Long-term, intermittent administration of low-dose antipsychotics with other antiemetics having D2 receptor antagonism can cause prolonged EPS. Especially in cancer patients, who often require polypharmacy, clinicians should consider exacerbated adverse effects due to drug interactions.

摘要

背景

具有多巴胺(D2)受体拮抗作用的抗精神病药可有效治疗癌症患者的呕吐。典型抗精神病药引起的锥体外系症状(EPS)可被其他 D2 受体拮抗剂加重。我们描述了一例因长期间歇性给予低剂量奥氮平联合甲氧氯普胺止吐而导致持续性 EPS 的病例。

病例介绍

一位 59 岁的胰腺癌患者接受了 7 个月的化疗。
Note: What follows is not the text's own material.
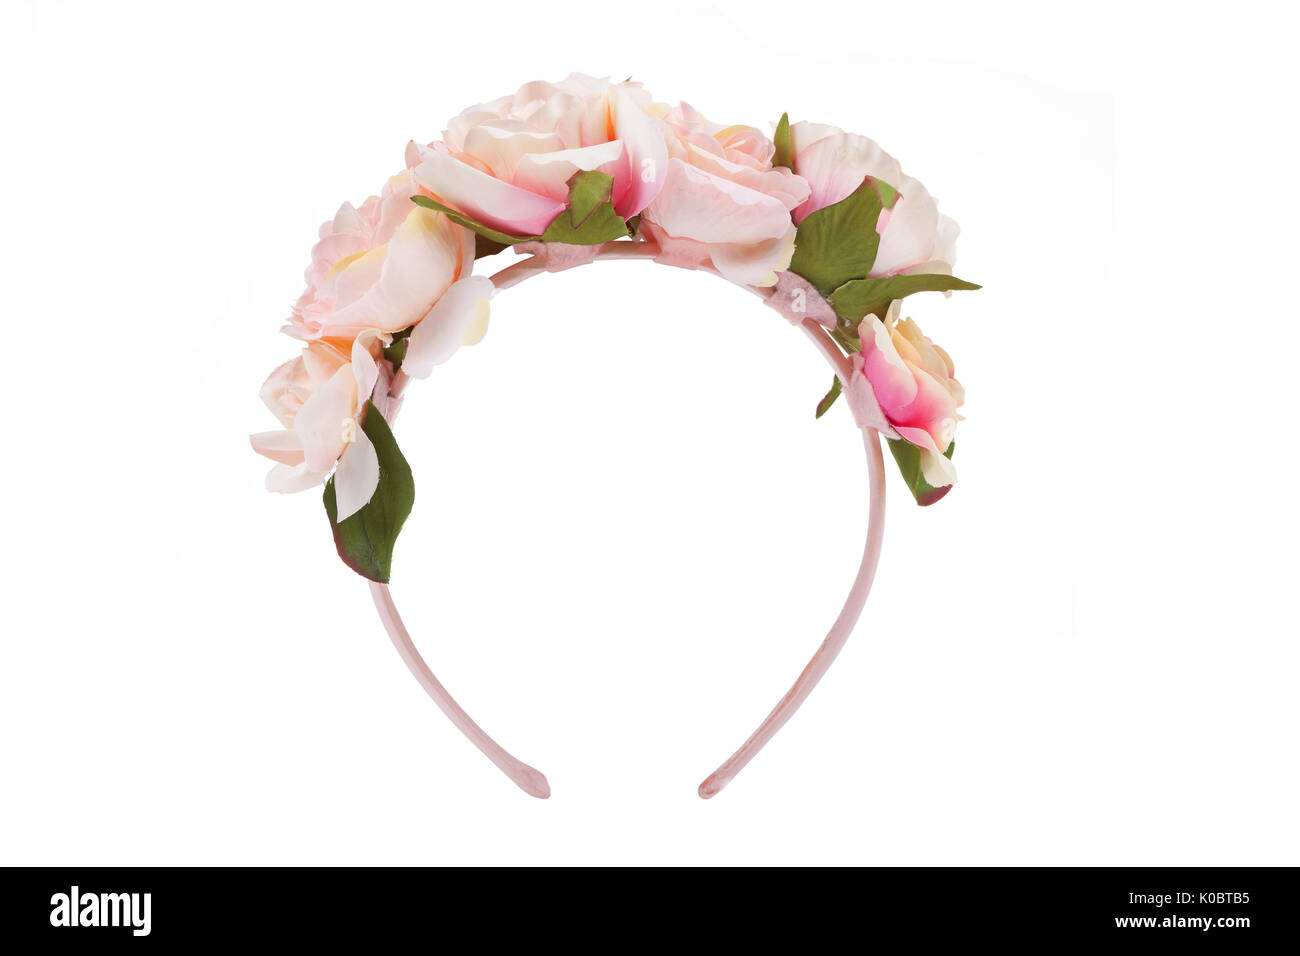 Flower wreath isolated on white - Stock Image

他因烦躁不安和失眠被转诊到精神科。尽管他没有明显的抑郁症状,但他对癌症治疗感到焦虑。由于化疗引起的恶心,他间歇性地服用了 5 毫克奥氮平,共服用了 7 个月。他在就诊前 9 天最后一次使用该药。此外,他还接受了甲氧氯普胺和帕洛诺司琼止吐。我们考虑到静坐不能和与癌症相关的焦虑/激越可能是烦躁不安和失眠的原因,因此开了氯硝西泮。然而,他的症状恶化,导致住院。我们重新考虑他的症状为与癌症相关的焦虑/激越,并开了喹硫平。虽然它有效,但他出现了震颤,并由神经科医生进行了评估。考虑到僵硬、姿势反射障碍和面具样面容等临床表现,我们怀疑为药物引起的帕金森病,并于次日将喹硫平换为比哌立登,他在 2 周后出院。即使停用比哌立登,他也没有症状复发。

结论

长期间歇性给予低剂量抗精神病药联合具有 D2 受体拮抗作用的其他止吐药可能导致 EPS 延长。特别是在经常需要联合用药的癌症患者中,临床医生应考虑因药物相互作用而导致的不良反应加剧。